European Corn Borer, Deserves a Look See– (John Obermeyer and Larry Bledsoe)

With optimal planting conditions for most of this spring, much of Indiana’s corn is mow tall enough to be an attractive European corn borer egg-laying site. However, it seems as though the first generation ECB moth numbers are low statewide once again. This has been the trend for several years. Significant moth flights from north central, northeast Indiana and northwest Ohio have been reported but economic whorl feeding has not. One possibility is that because most of the corn was planted about the same time, moths have “diluted” themselves out amongst many attractive fields to lay eggs.

Shot hold damage in corn whorl.

Pest managers should concentrate their scouting efforts on the tallest and healthiest corn in the field. Survey for the characteristic random or “shot hole” damage pattern down in the corn whorl of 20 consecutive plants in each of 5 areas of the field. Carefully examine the whorl leaves on each plant as some of the holes can be small. Count and record the number of plants showing foliar feeding damage. Total the number of plants showing such damage to determine the percentage of damaged plants. Also, determine if borers are still present and actively feeding. Pull out, carefully unroll, and examine the whorl leaves from one plant showing damage in each sample set, for a maximum of 5 plants in the entire field. Total the number of live borers found and determine the average number of borers per plant.

Use the following steps to determine whether an insecticide treatment is economically justified:

1. Preventable yield loss (bu/A) = anticipated yield (bu/A) X yield loss figure (following table) X level of infestation (decimal) X anticipated level of control (decimal). It is probably impractical to expect 100% control. A good estimate of control might be 75%.
2. Preventable dollar loss/A = Preventable yield loss (bu/A) X market value ($/bu).
3. Compare preventable dollar loss/A to cost of insecticide and application to determine if treatment is warranted.

Example: A field in the early whorl stage has 80% of the plants with “shot-hole” feeding and an average of 2 live larvae per whorl. Anticipated yield is 150 bu/A and the crop is valued at $2.00 per bushel. The cost of the insecticide and application is $10.00 and 75% control can be expected.
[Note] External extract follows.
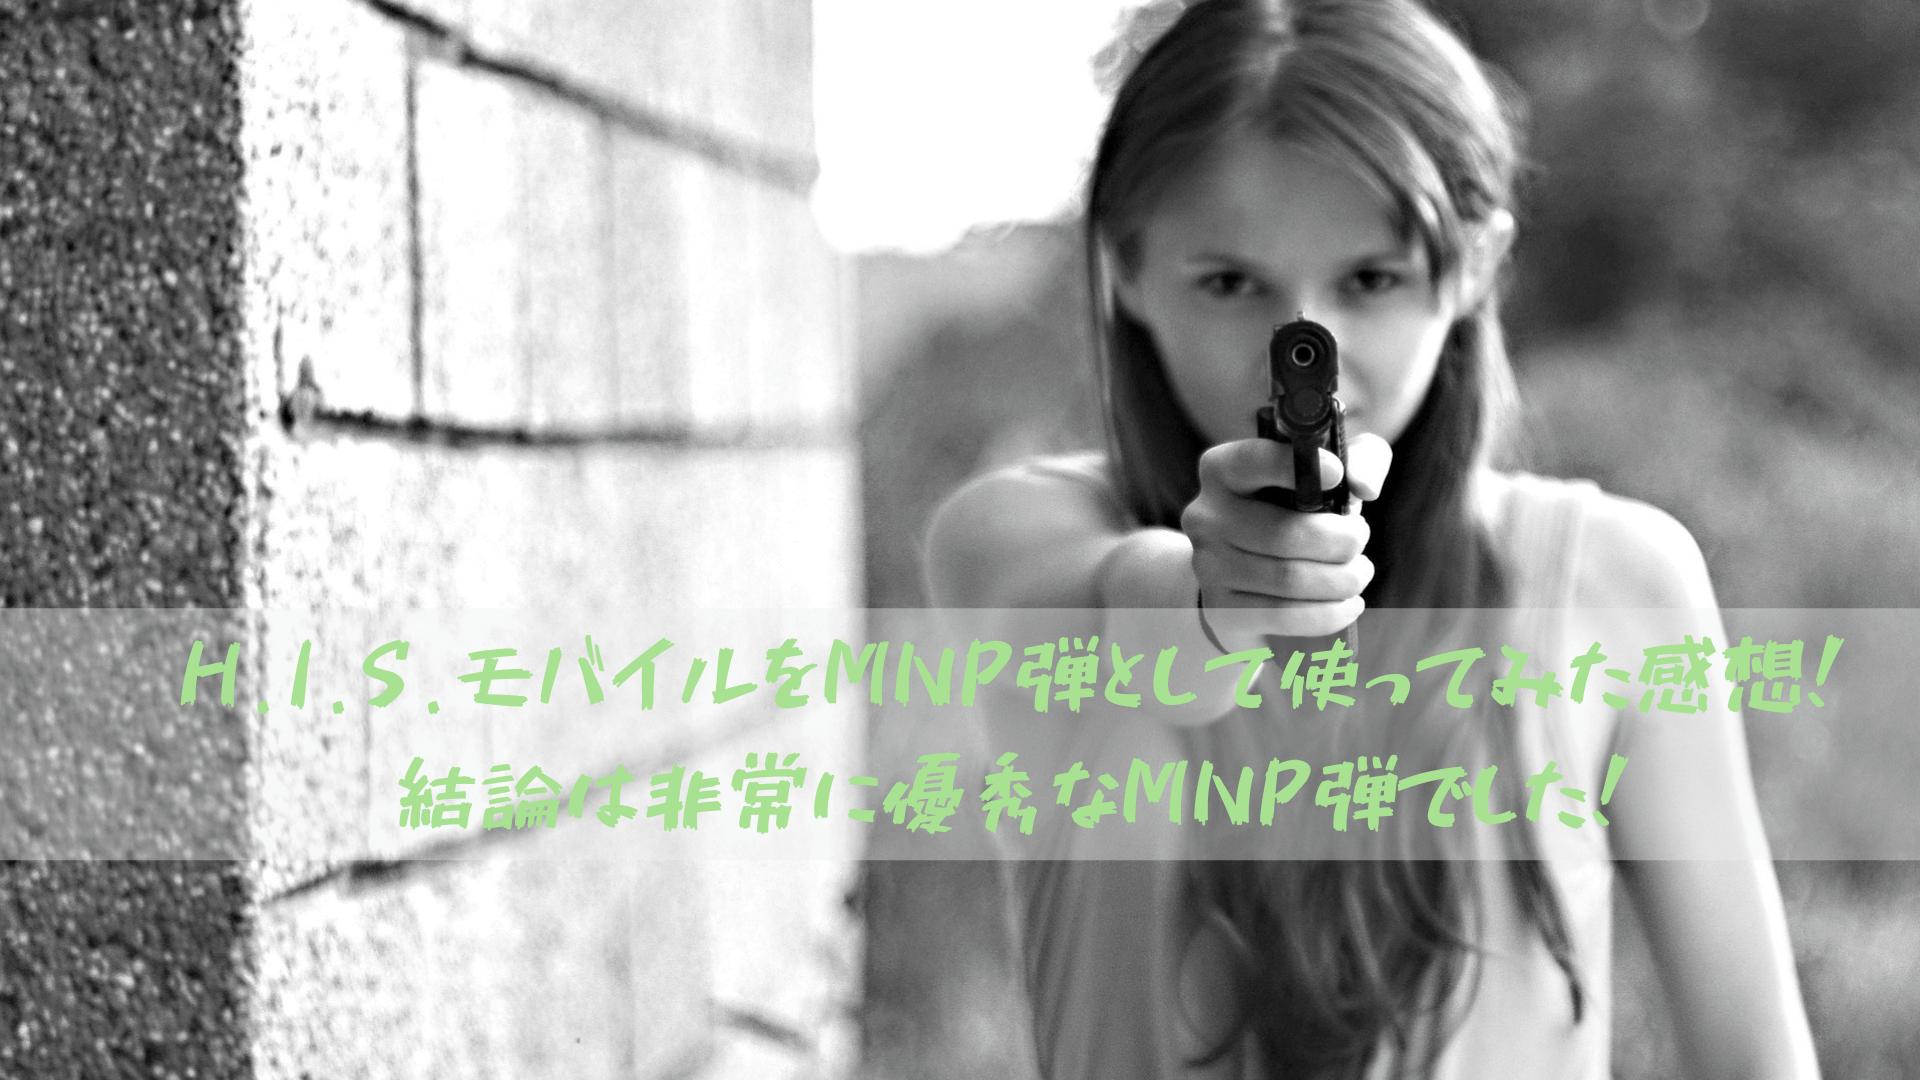 H.I.SモバイルをMNP弾として使ってみた感想!結論は非常に優秀なMNP弾でした!

Would it pay to apply the insecticide?

1. Preventable yield loss (bu/A) = 150 bu/A X .082 (8.2% loss for 2 borers/plant) X .80 (80% infestation) X .75 (75% control) = 7.38 bu/A
2. Preventable dollar loss/A = 7.38 bu/A X $2.00/bu = $14.76/A
3. Compare preventable dollar loss/A with cost of control/A

$14.76/A (preventable $ loss/A) - $10.00/A (cost of control) = $4.76/A return from application of control.

There has been some discussion about Bt-corn negatively affecting the state’s corn borer population over the last several years. Where continuous, high levels of Bt-cotton has been grown in the Southwestern United States for bollworm control, a suppression of the bollworm population has been noted and attributed to this technology. However, a low percentage of Bt-corn for corn borer is planted in Indiana, at best 10%. Obviously higher seed costs, marketing concerns, refuge restrictions and inconsistent corn borer damage have dictated lower adoption of Bt-corn. In addition, European corn borer has over a hundred potential host crops. Therefore we feel that the corn borer’s low frequency of contact with the Bt toxin would have little effect on populations. The good news is that these factors should delay the corn borer’s potential resistance to this valuable pest management tool.

A QuickTime movie of first generation European corn borer sampling can be viewed at http://www.entm.purdue.edu/entomology/ext/fieldcropsipm/videos.htm. For recommended insecticides, see E-219, Corn Insect Control Recommendations – 2004. This and other field crop related publications can be viewed electronically at www.entm.purdue.edu/entomology/ext/targets/e-series/fieldcro.htm.

back to top

Soybean Aphid Update – (John Obermeyer, Larry Bledsoe, and Bob O'Neil)

Purdue soybean aphid researchers have found soybean aphid in north central Indiana (Miami County) on early vegetative soybean plants. The timing of this sighting would be about the same time as last year. First-observation of this aphid in soybean from the overwintering host means very little toward population predictions for 2004.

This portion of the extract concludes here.